For all the unintentional racism in this movie, I think the thing that bothered me the most is that it’s boring. I know I’m not someone who’s innately interested in a movie about football, but as Moneyball demonstrated a couple years later, there is a way to make a movie about sports that can completely appeal to people who aren’t a fan of that particular sport. The Blind Side, however, does little to get me interested in any of Michael’s on-field accomplishments, one because it’s never really established how much he’s invested in football. But also the film doesn’t really set up tangible stakes for any of the games we see, though I suppose the ultimate goal is him getting into college. Even there, we don’t see a lot of huge obstacles over this happening, apart from a tense conversation with an NCAA investigator. Then on top of that, the movie has the thematic complexity of a Disney Channel movie while the complexity of the filmmaking is just slightly above that.

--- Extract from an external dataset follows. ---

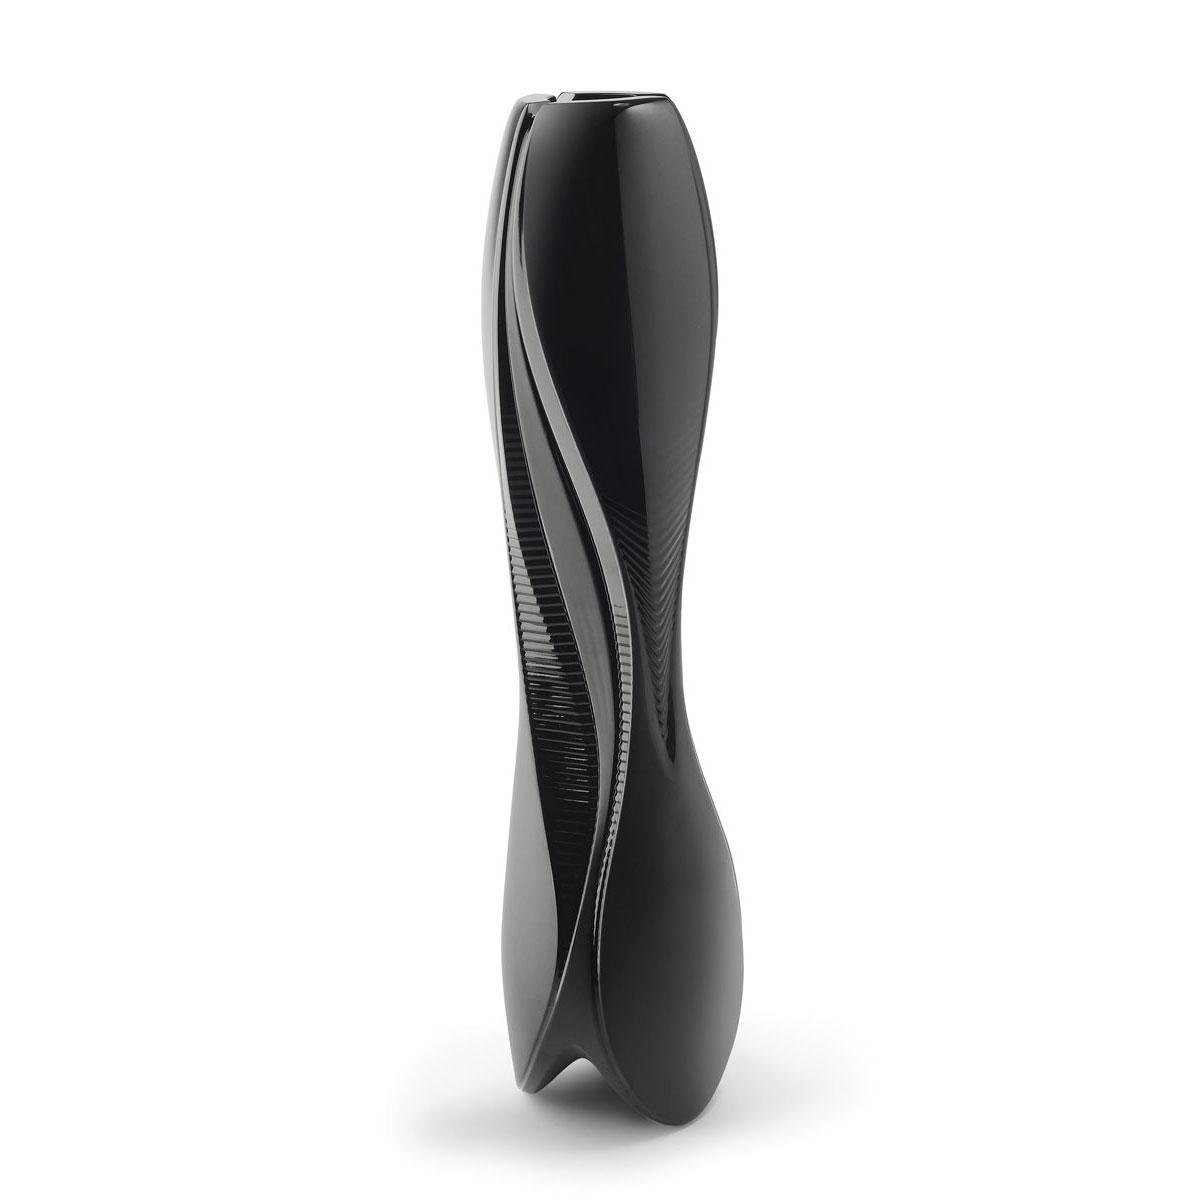 "Lalique Visio By Zaha Hadid 23"" Vase, Black"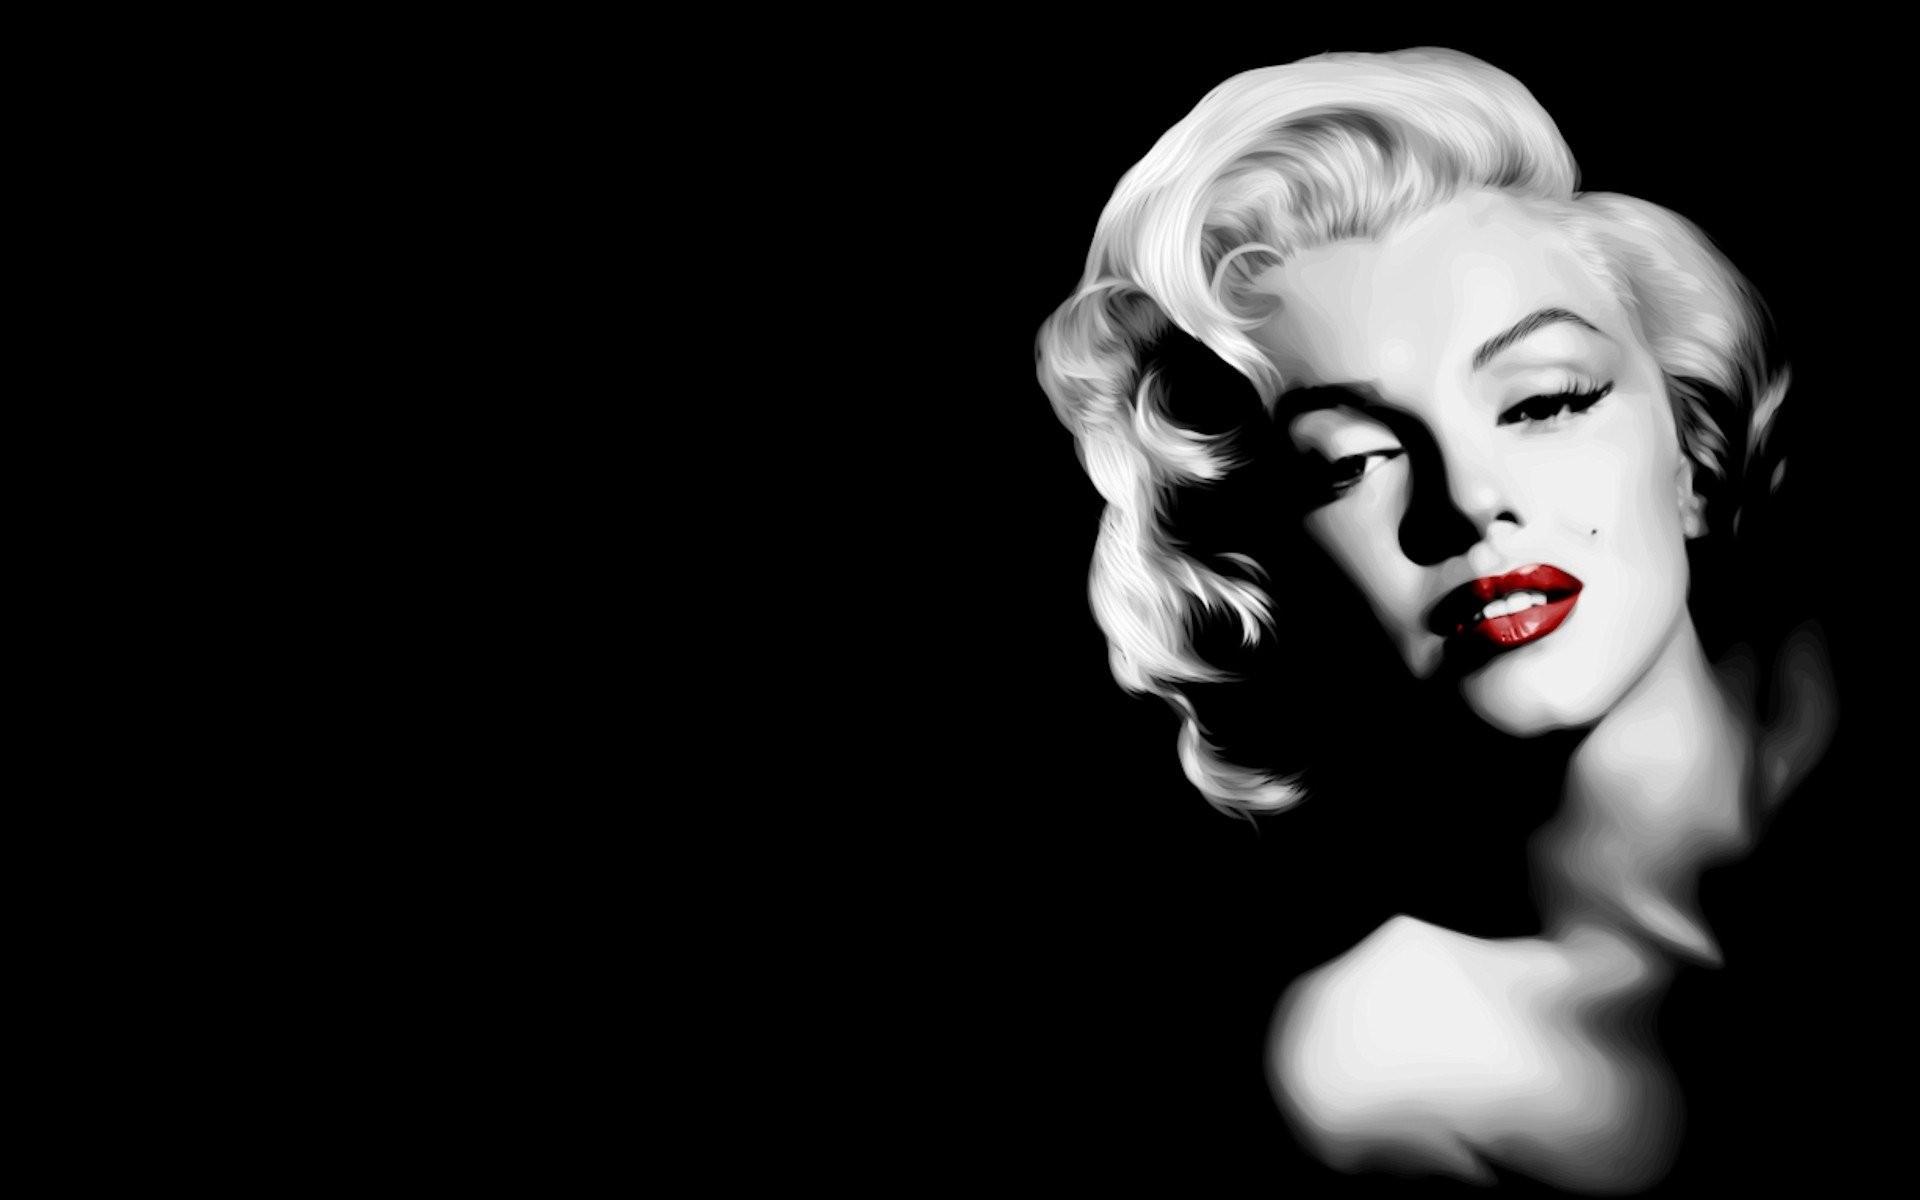 Marilyn Monroe Wallpaper Download Free Amazing Wallpapers Of

This might be the worst Best Picture nominee I’ve seen, though it seems like it got the nomination almost entirely as a way of justifying Sandra Bullock’s Best Actress win. After all, that was the only other category it was nominated for other than Best Picture. I will say that Sandy is pretty good in this movie and even embodies the only aspect I appreciated about The Blind Side. This is that the movie is never too condescending toward its very traditionally Southern characters, which Hollywood often has a hard time doing. I think it speaks to Bullock’s performance that she initially turned down this role since she struggled with having to play a devout Christian. However, she never turns Leigh Anne into a caricature of your typical Real Housewife when she easily could have slipped into that territory. But again, that’s pretty faint praise if I can say that the best thing about this movie is how respectful it is of its white characters. Good grief.